3.         To approve a technical amendment to the Company's Certificate of
           Incorporation changing its name from "PAXAR Corporation" to "Paxar
           Corporation."

                   [  ] FOR     [  ] AGAINST     [  ] ABSTAIN

4.         To ratify the appointment of Arthur Andersen LLP, as the Company's
           independent auditors for the year ending December 31, 1998.

                   [  ] FOR     [  ] AGAINST     [  ] ABSTAIN

The undersigned hereby revokes any other proxy to vote at such Annual Meeting,
and hereby ratifies and confirms all that said attorneys and proxies, and each
of them, may lawfully do by virtue hereof. With respect to matters not known at
the time of the solicitations hereof, said proxies are authorized to vote in
accordance with their best judgment.

THIS PROXY, WHEN PROPERLY EXECUTED, WILL BE VOTED AS DIRECTED, OR, IF NO
CONTRARY DIRECTION IS INDICATED, WILL BE VOTED FOR THE ELECTION OF DIRECTORS,
FOR THE ADOPTION OF PROPOSALS 2, 3 and 4, AND AS SAID PROXIES SHALL DEEM
ADVISABLE ON SUCH OTHER BUSINESS AS MAY COME BEFORE THE MEETING. EACH MATTER
ABOVE WAS PROPOSED BY THE BOARD OF DIRECTORS.
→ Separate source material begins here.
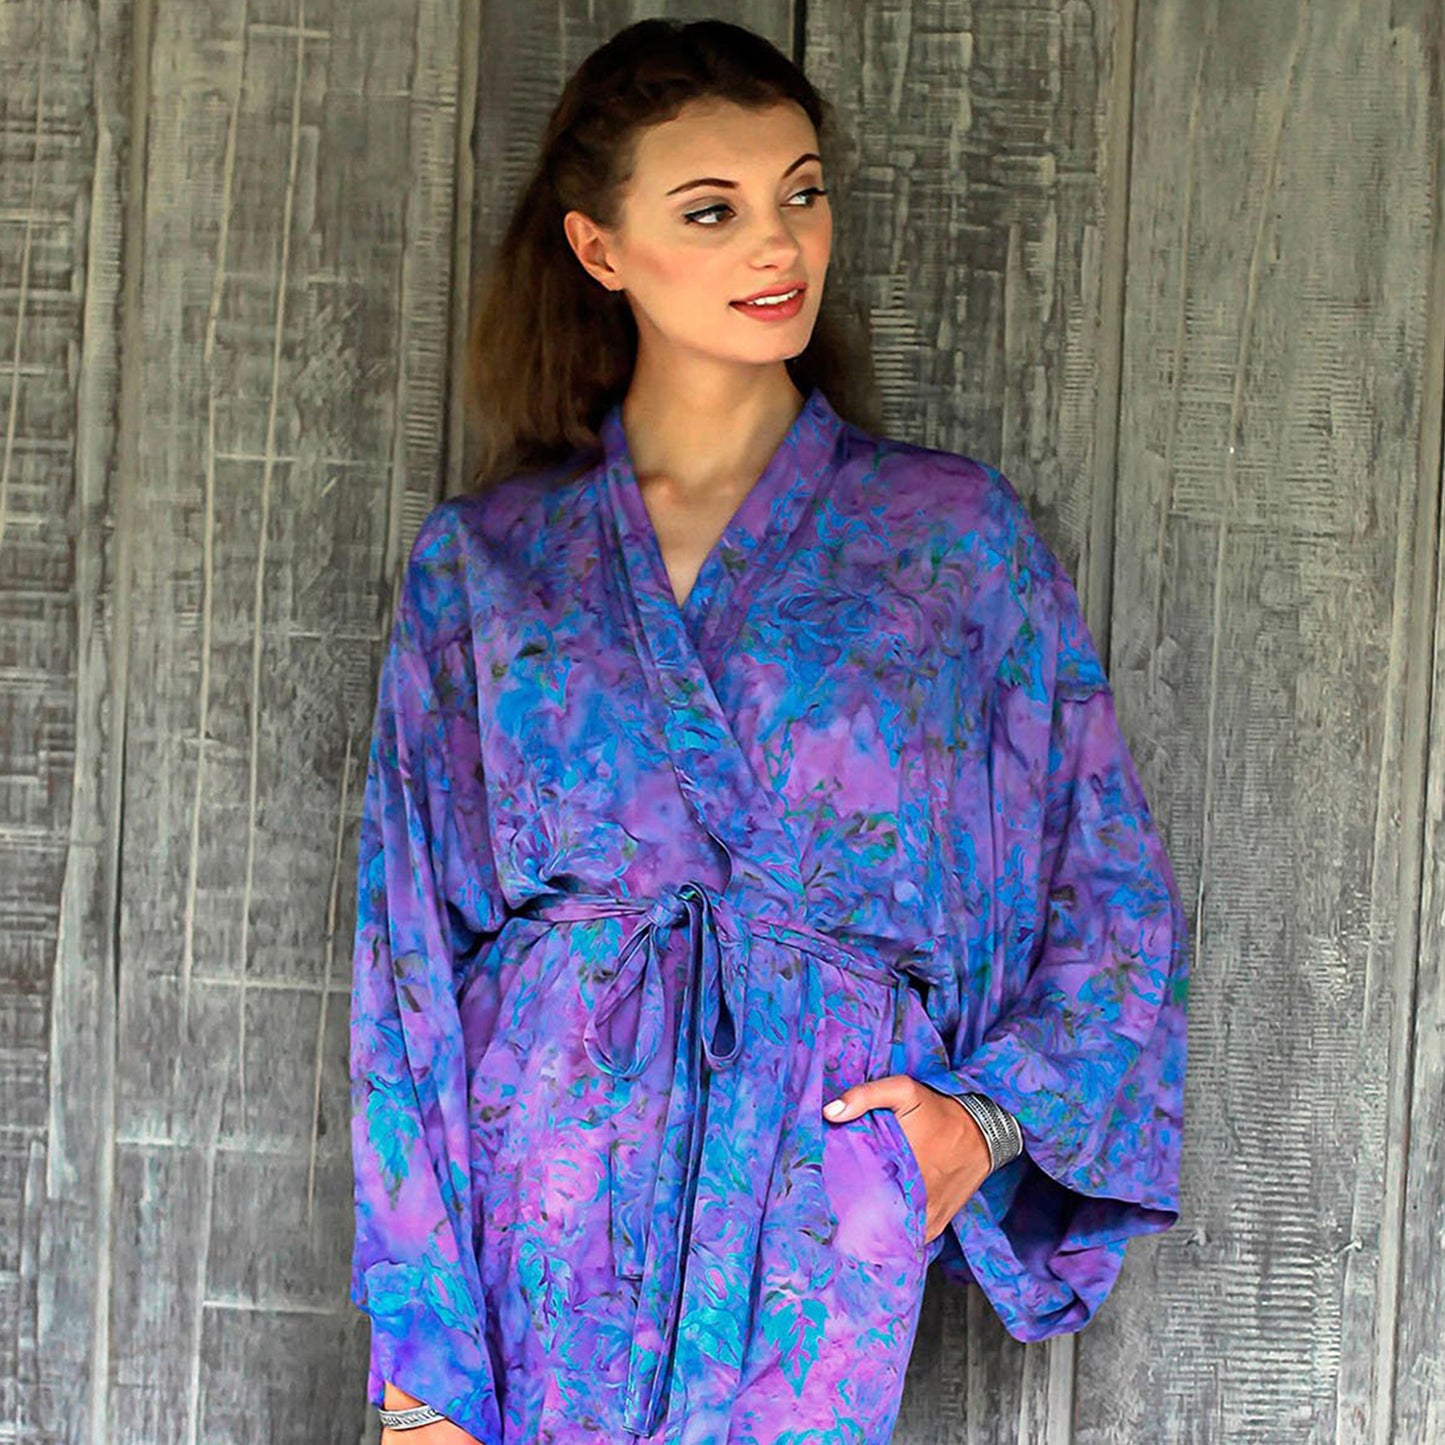 Purple Mist Batik Robe

Please mark, sign, date and return the Proxy Card promptly using the enclosed
envelope.

Signature(s)



Date:                                              ,1998

The signature(s) hereon should correspond exactly with the name(s) of the
Shareholder(s) appearing on the Stock Certificate. If stock is jointly held, all
joint owners should sign. When signing as attorney, executor, administrator,
trustee or guardian, please give full title as such. If signer is a corporation,
please sign the full corporate name, and give title of signing officer.